Supertrend X Gaussian (intermediate)
Supertrend and Gaussian trading strategy. Full report on individual settings and how to execute trades with ease.
Supertrend and Gaussian trading strategy. Full report on individual settings and how to execute trades with ease.
These indicators and concepts are specifically designed for TradingView.com
All indicator breakdowns will be found in the indicators tab on the home page of: STRATEGY
1. Look for both indicators to be GREEN to ENTER LONG (The supertrend hazing must be green as well as the Gaussian being green as well).
Look for TWO REDS or an "S" symbol to EXIT LONG
It is the exact oposite to enter a short.
1. Look for TWO REDS to ENTER SHORT (Image 2)
2. Look for TWO GREENS to EXIT SHORT (Image 1)
The technique is based on the trend-following Supertrend indicator, which establishes the trend's direction by analyzing price and volatility. Depending on the trend direction, it plots a line above or below the price, which traders use as a reference point when making trading decisions.
These are the steps to employ the Supertrend strategy:
1. Determine the trend: The first step is to identify the trend direction by looking at the Supertrend indicator. If the line is above the price, it indicates a downtrend, and if it's below the price, it indicates an uptrend.
2. Wait for a signal: Once the trend is established, traders wait for a signal to enter or exit the market.
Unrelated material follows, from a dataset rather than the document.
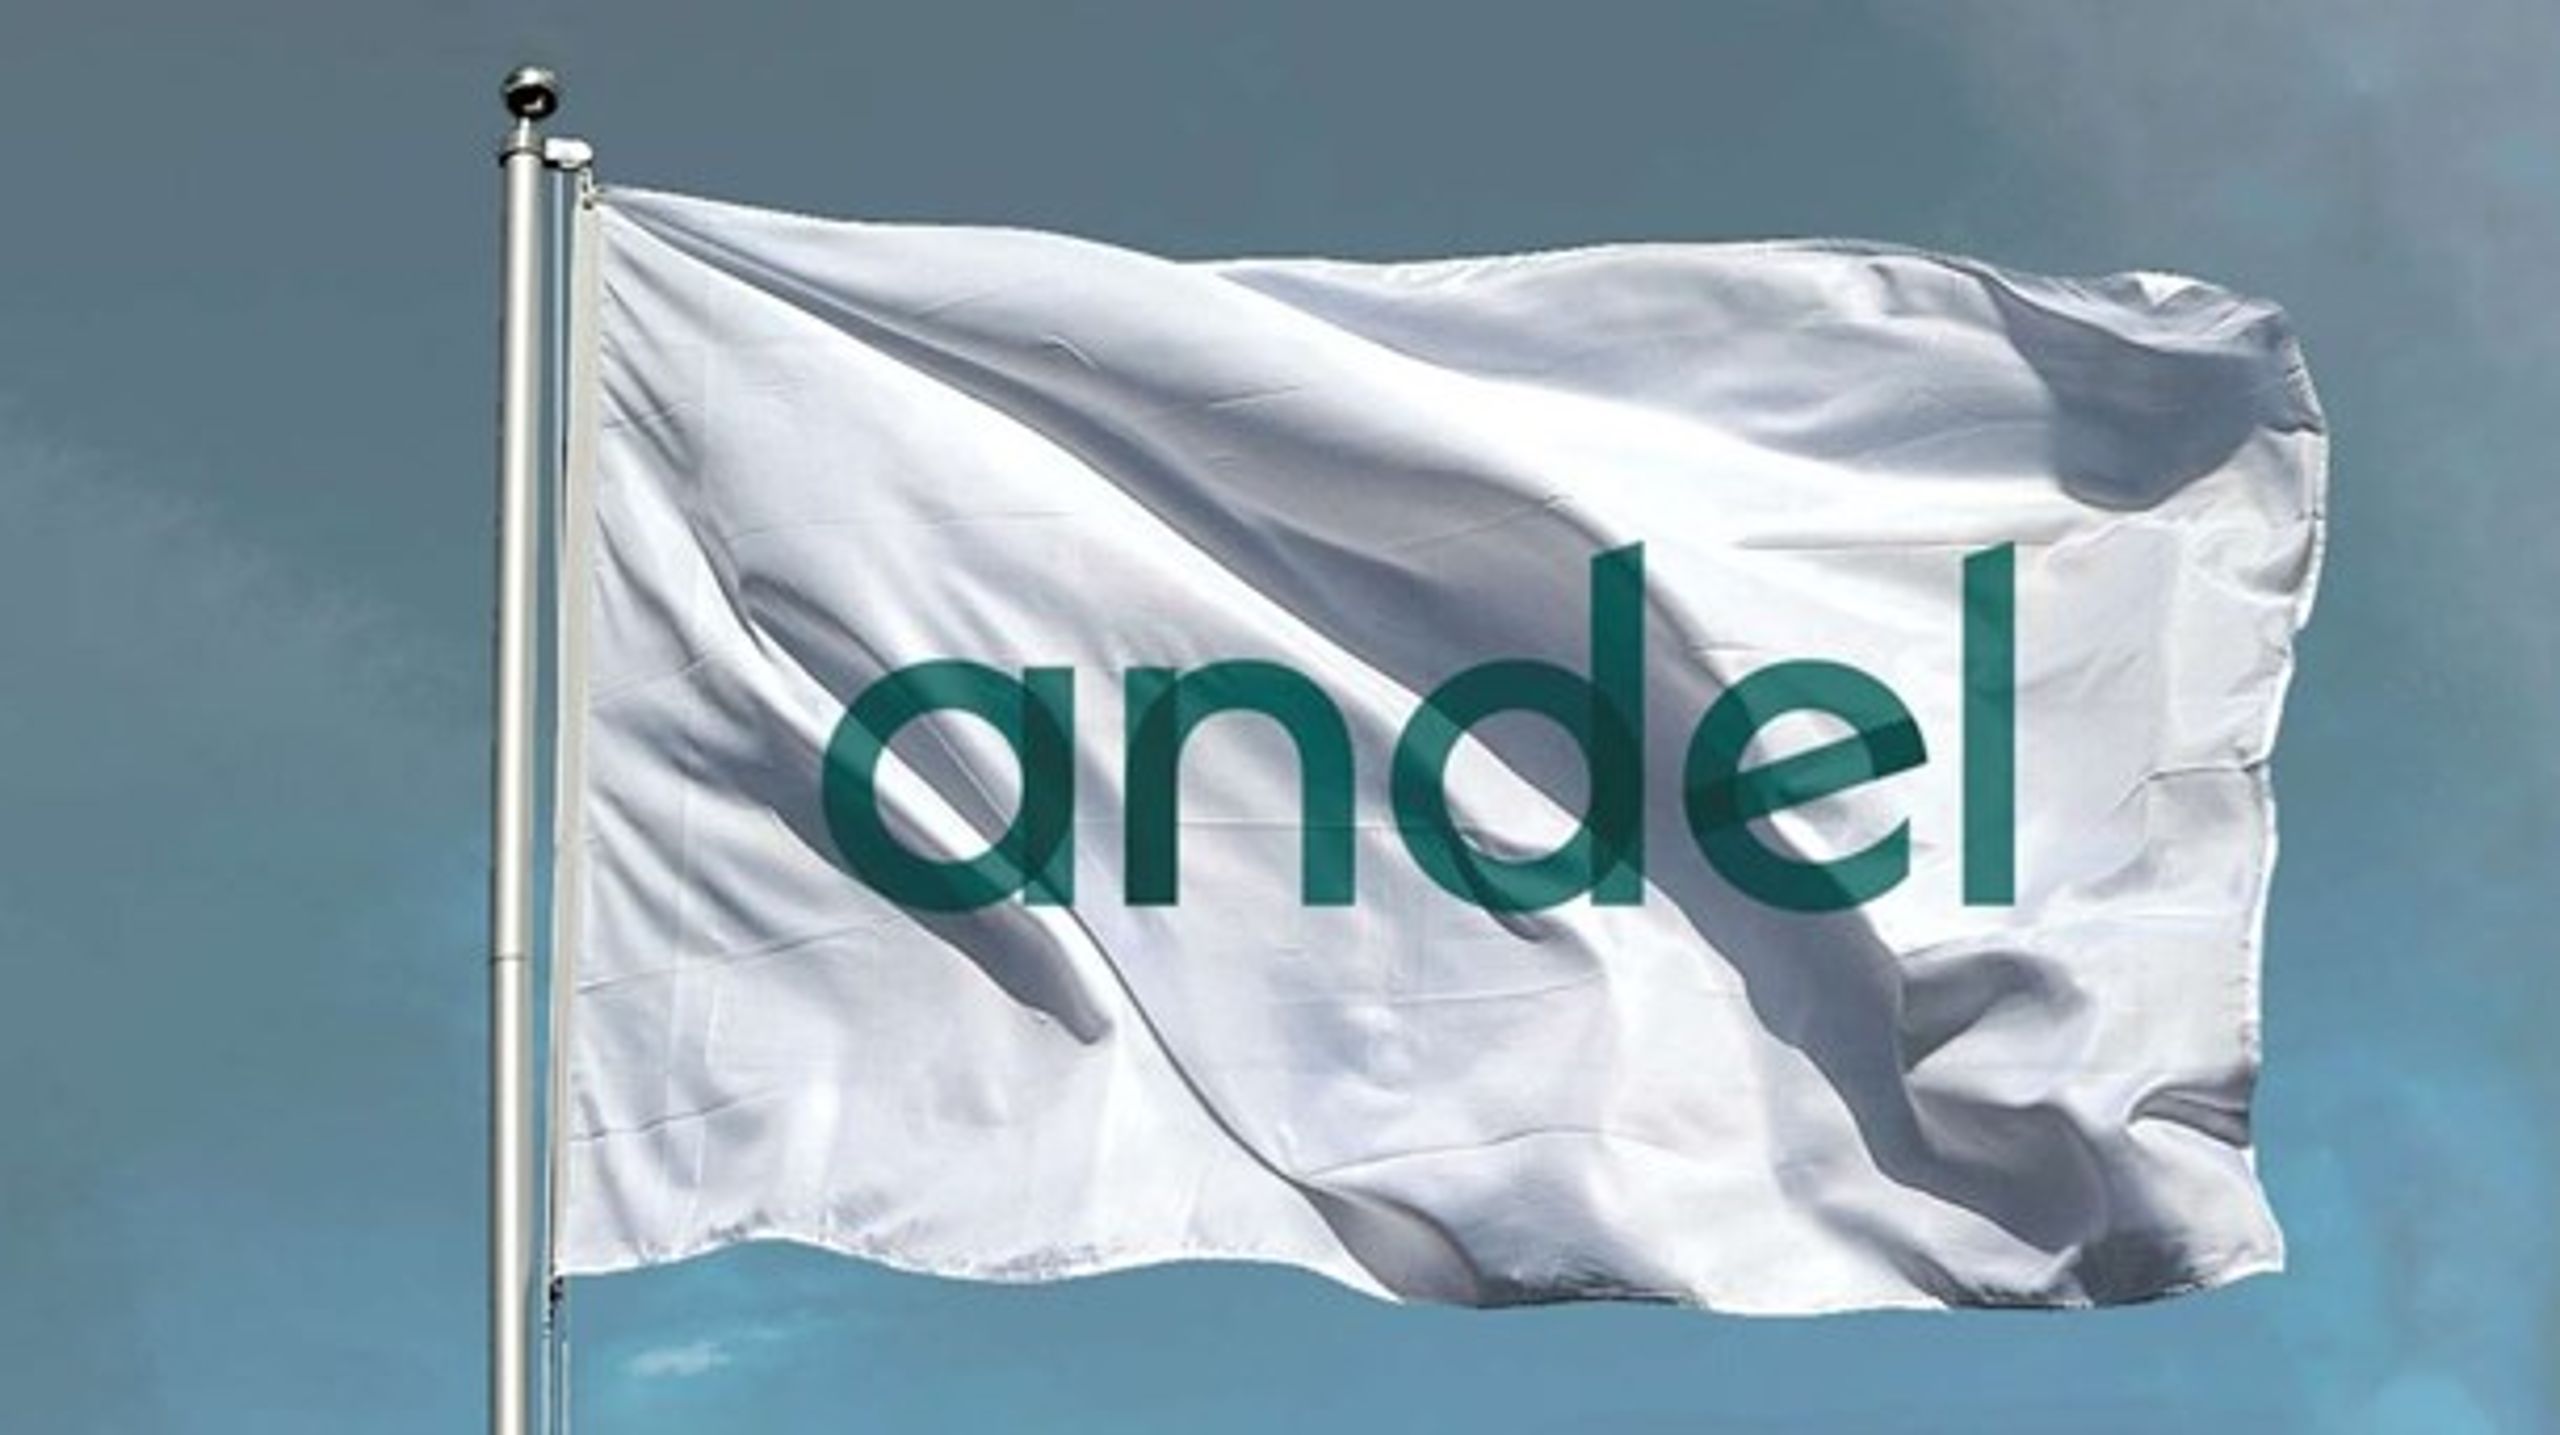 Andel erstatter navnet Seas-NVE, der er sammenkobling af Sydsjællands Elektricitets Aktieselskab og Nordvestsjællands Elektricitetsværk, som fusionerede i 2005.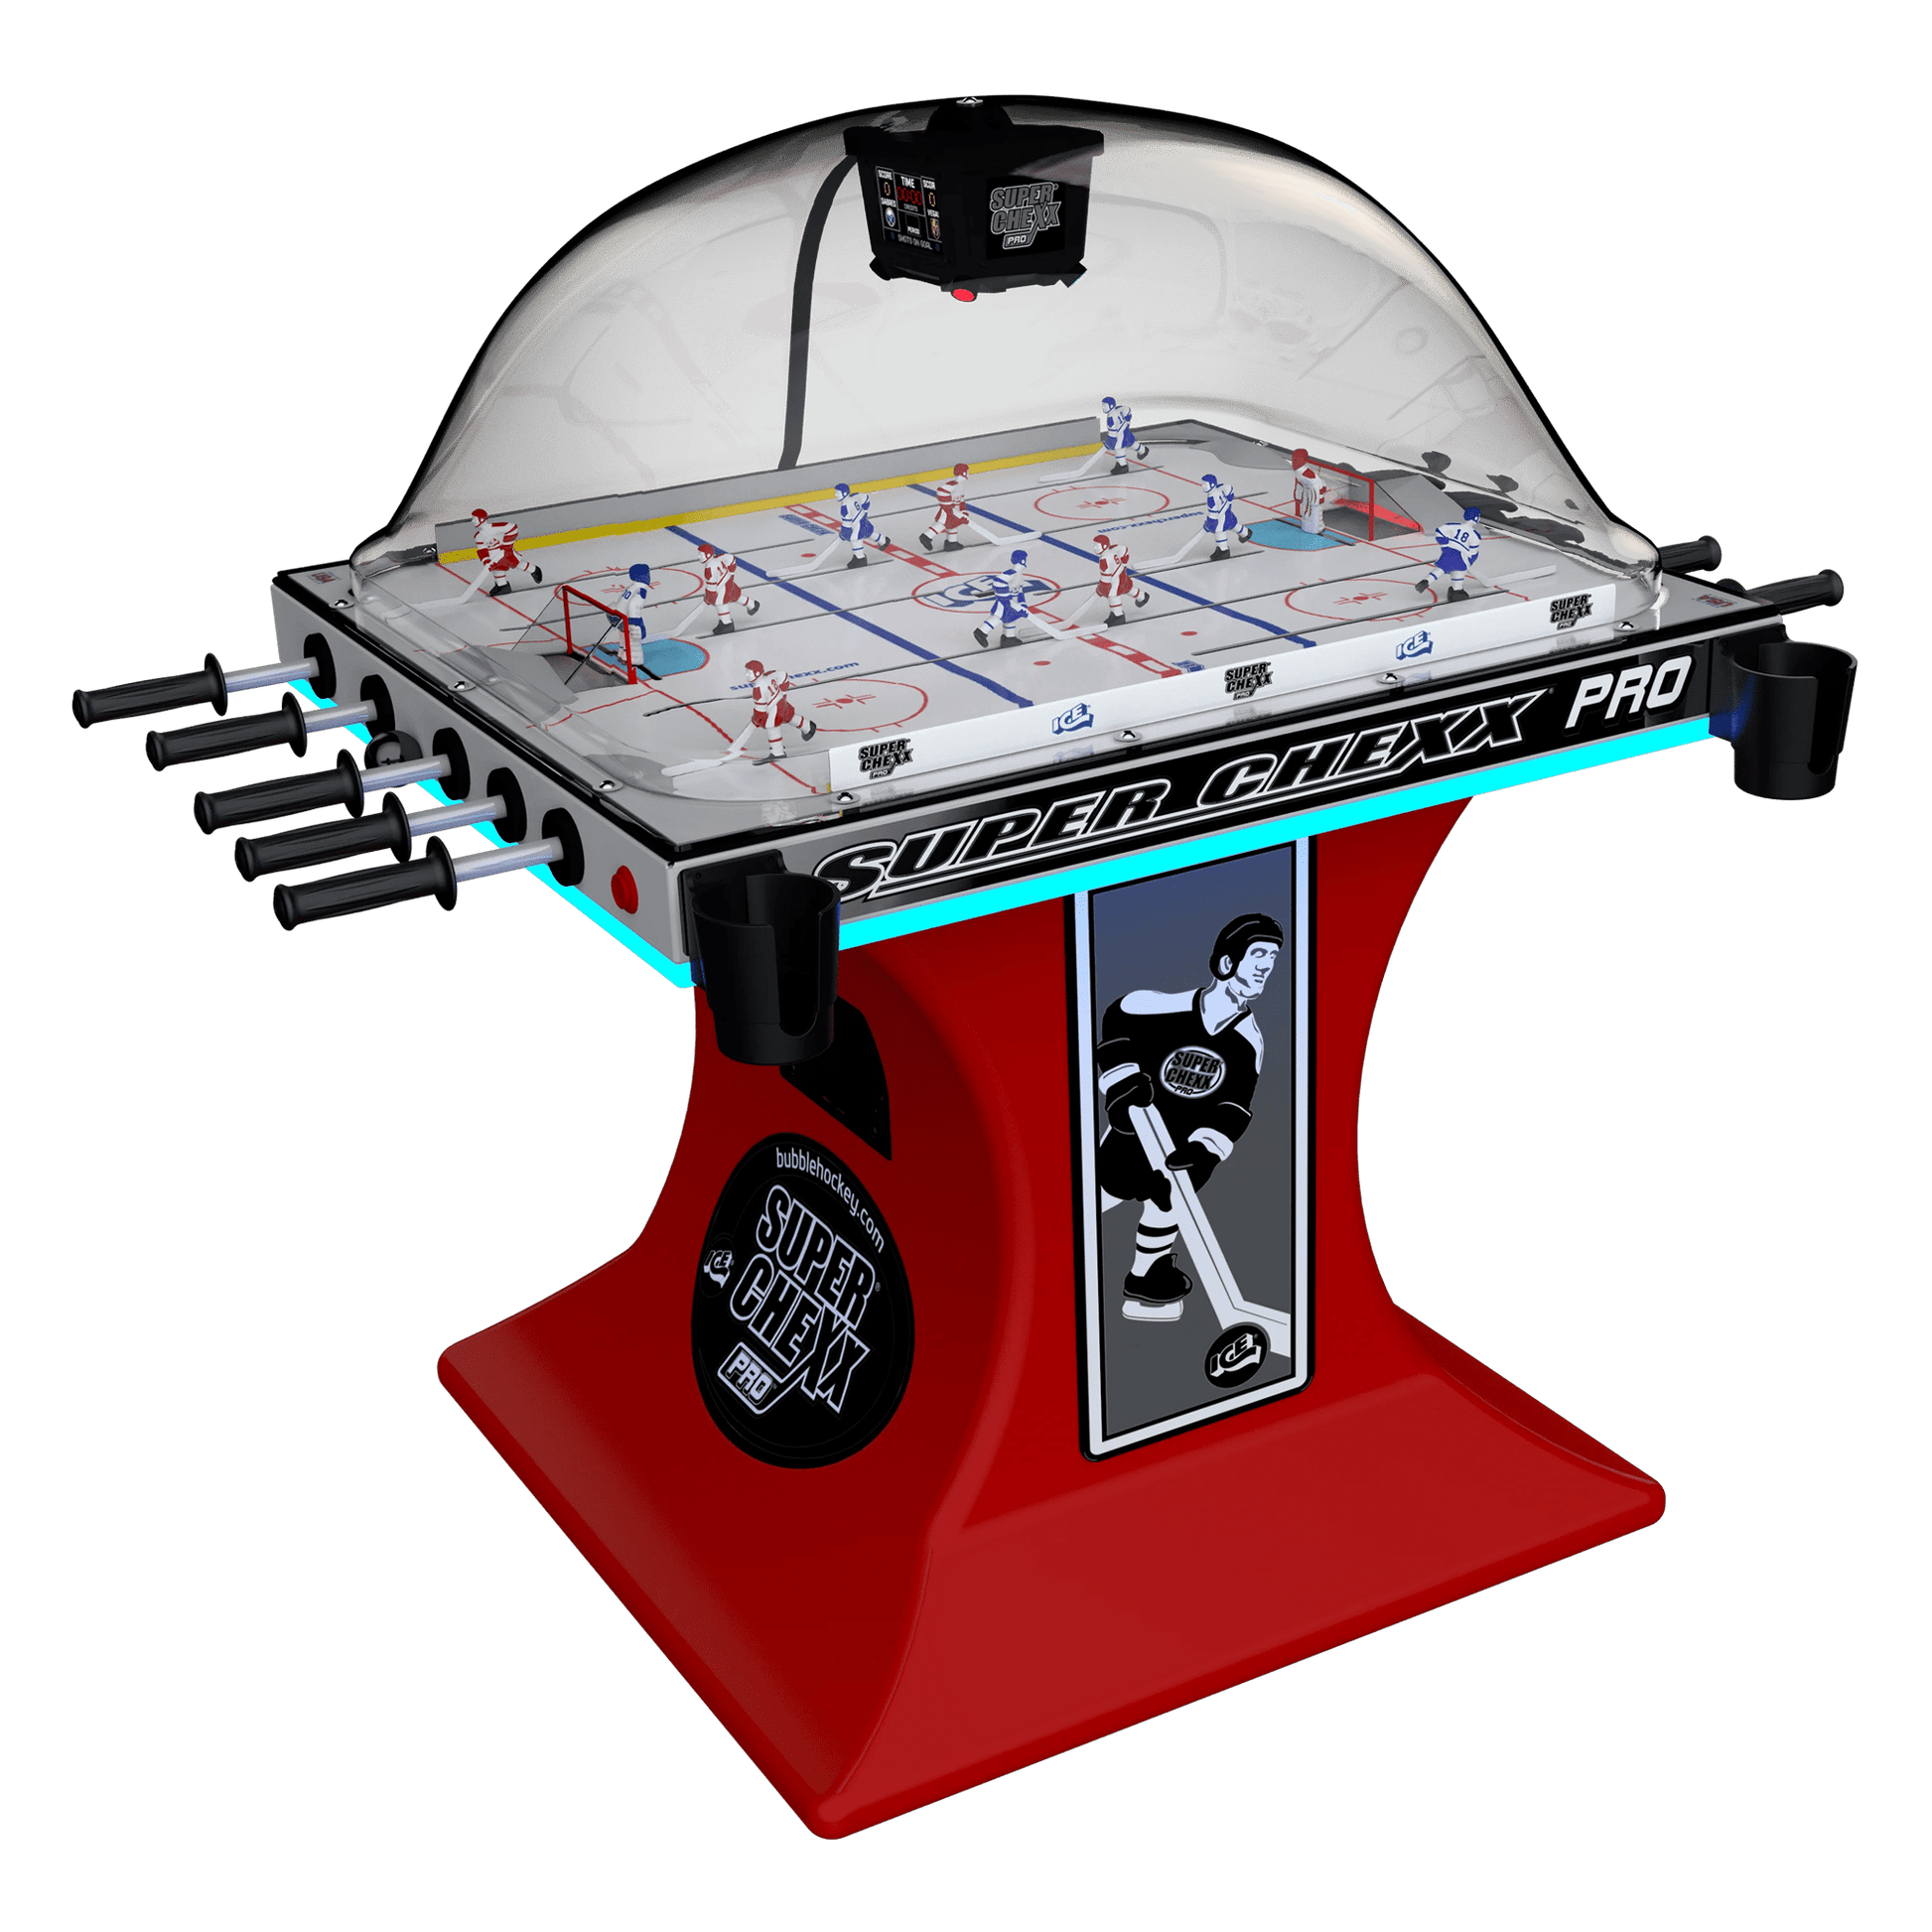 Super Chexx PRO® Arcade Innovative Concepts in Entertainment

A signal is generated when the price crosses the Supertrend line in the opposite direction. For example, if the price crosses above the Supertrend line in a downtrend, it could signal a reversal and an opportunity to go long.
3. Manage risk: Traders must always manage risk by setting stop-loss orders to limit potential losses. They can also use trailing stop orders to lock in profits as the price moves in their favor.
One-sided Gaussian is a statistical model that is sometimes used in trading to describe the distribution of returns for a particular asset. In a one-sided Gaussian model, the distribution of returns is assumed to be normal, but with a skewness in one direction, indicating that the returns are more likely to be positive or negative. The one-sided Gaussian model is based on the assumption that returns in financial markets follow a normal distribution, but with a skewness that is caused by the presence of positive or negative news events. For example, if a company announces positive earnings, it may cause the stock price to rise, resulting in a positive skew in the distribution of returns.
1. Determine the direction of the one-sided Gaussian distribution: One-sided Gaussian distributions can be either positively skewed or negatively skewed. If the distribution is positively skewed, it means that the majority of the values are clustered towards the lower end of the distribution, and the tail is skewed to the right. If the distribution is negatively skewed, it means that the majority of the values are clustered towards the higher end of the distribution, and the tail is skewed to the left. Understanding the direction of the skew is important because it will influence your trading strategy. The direction of the skew is indicated by the either red or green line in the middle of the bands.
2. Identify key support and resistance levels: Once you have determined the direction of the one-sided Gaussian distribution, you can identify key support and resistance levels. In a positively skewed distribution, the support levels are likely to be clustered towards the lower end of the distribution, and in a negatively skewed distribution, the resistance levels are likely to be clustered towards the higher end of the distribution.
Traders can use the one-sided Gaussian model to estimate the probability of positive or negative returns for a particular asset. By calculating the mean and standard deviation of the distribution of returns, traders can use the one-sided Gaussian model to estimate the probability of a positive or negative return. A one-sided Gaussian filter with channels in trading stock is a filtering technique to smooth stock price data over time, while also taking into account different aspects of the stock, such as its volume or volatility. The filter is a type of moving average filter that applies a weighted average to the stock price data over a defined period of time. In this case, the filter takes into account different channels or aspects of the stock, such as its closing price, volume, or volatility, and applies the filter independently to each channel. The filter is called "one-sided" because it only considers the past data points in a specific direction (usually from left to right), rather than considering the data symmetrically around the current point. This can help to provide a more accurate representation of the current trend in the stock price. By smoothing out the noise and fluctuations in the stock price data, the one-sided Gaussian filter with channels can help traders identify trends and make more informed decisions about when to buy or sell. It can also help to reduce the impact of sudden price movements or market volatility, which can improve the stability of trading strategies. In addition, the one-sided Gaussian model can also be used to estimate the risk of a particular trade. By estimating the probability of a positive or negative return, traders can adjust their position size and stop-loss levels to account for the potential risk.